Every developer runs into hashing at some point. Checking file integrity, storing password fingerprints, verifying API payloads, generating cache keys.
Most reach for a CLI tool (shasum, md5sum) or an npm package. But what if you could hash text and files directly in the browser — no installs, no dependencies, no server?
I built a Hash Generator that supports MD5, SHA-1, SHA-256, SHA-384, and SHA-512. All client-side. Here's how it works under the hood.

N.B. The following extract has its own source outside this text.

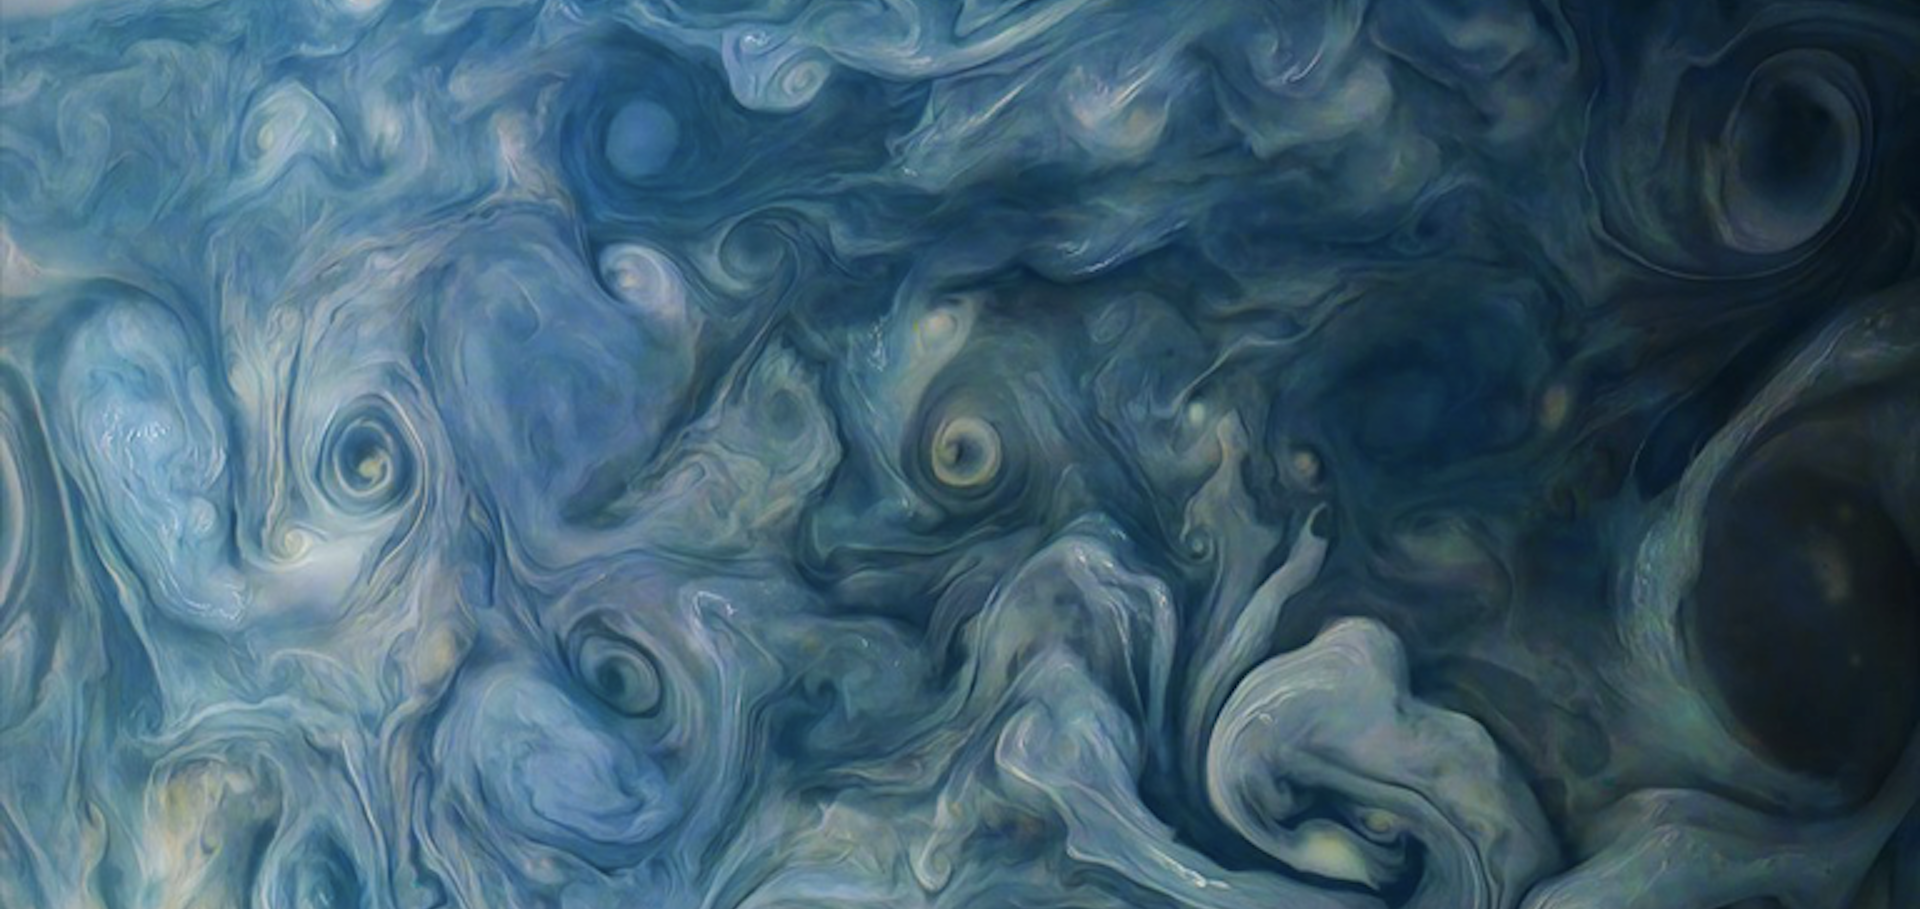 Jupiter's atmosphere

The Web Crypto API Does Most of the Work
Modern browsers ship with crypto.subtle — a native cryptographic API that handles SHA algorithms with hardware-accelerated performance.

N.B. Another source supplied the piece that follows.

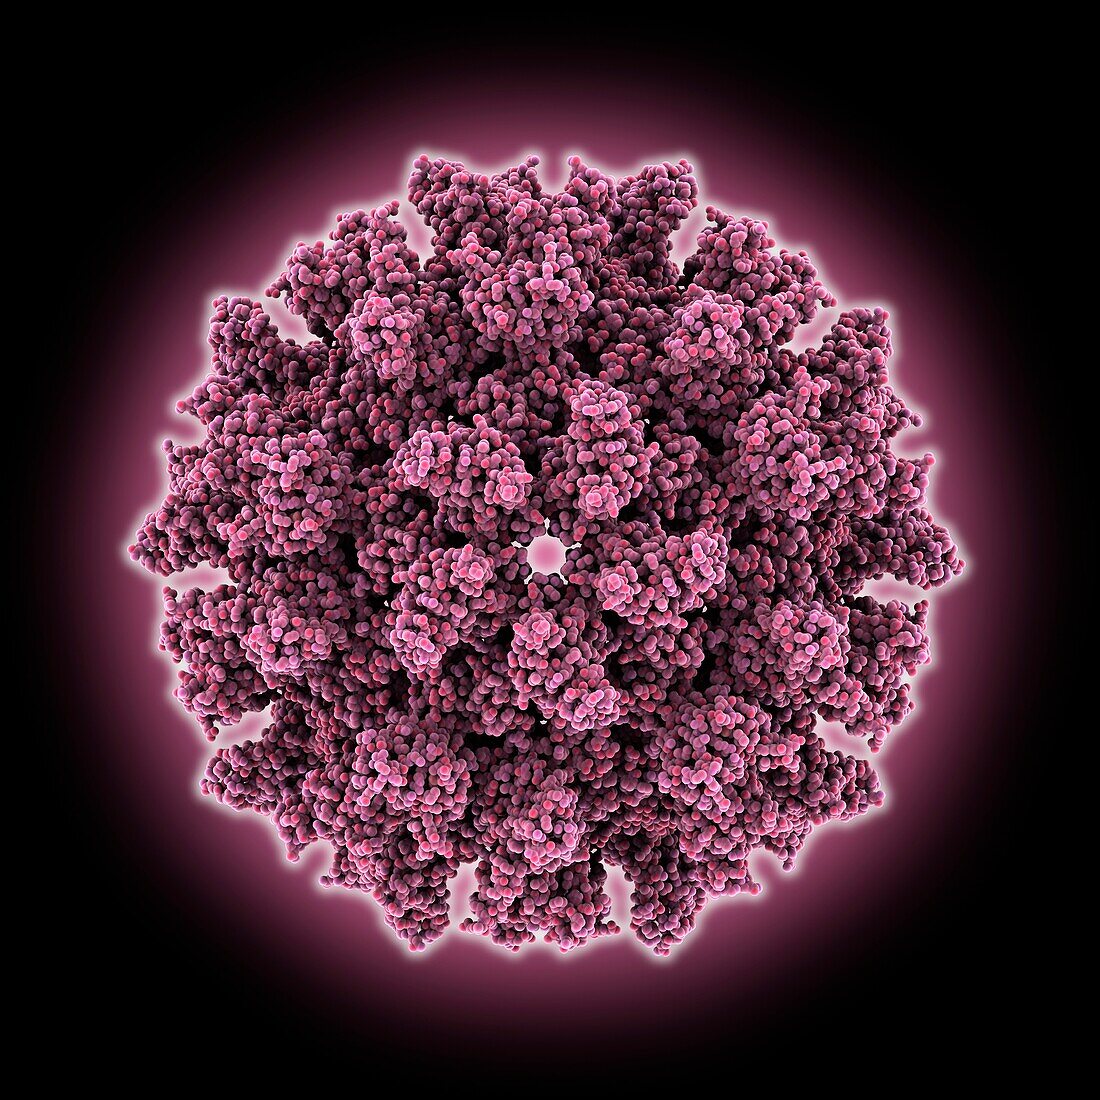 Rous sarcoma virus capsid, molecular model

async function computeHash(
data: Uint8Array,
algorithm: Algorithm
): Promise<string> {
if (algorithm === "MD5") return md5(data);
const hashBuffer = await crypto.subtle.digest(algorithm, data);
return Array.from(new Uint8Array(hashBuffer))
.map(b => b.toString(16).padStart(2, "0"))
.join("");
}
That's it for SHA-1, SHA-256, SHA-384, and SHA-512. crypto.subtle.digest() accepts the algorithm name and a BufferSource, returns an ArrayBuffer. Convert each byte to a two-character hex string, join them, done.
Three things worth noting:
It's async.
digest()returns a Promise. For large files, this prevents UI freezing since the browser can offload computation.Algorithm names match directly. Web Crypto uses
"SHA-256","SHA-512", etc. — same strings we display in the UI.It's fast. Native implementations are significantly faster than any JavaScript library. SHA-256 on a 10MB file takes milliseconds.
Why MD5 Needs a Pure-JS Implementation
Here's the catch: Web Crypto doesn't support MD5.
And it's intentional. MD5 is cryptographically broken — collisions can be generated in seconds. The Web Crypto spec deliberately excludes it to discourage use in security contexts.
But MD5 is still useful. Checksums, legacy system compatibility, non-security fingerprinting. Developers need it.
So I wrote a ~50-line MD5 implementation directly in the component. No external library.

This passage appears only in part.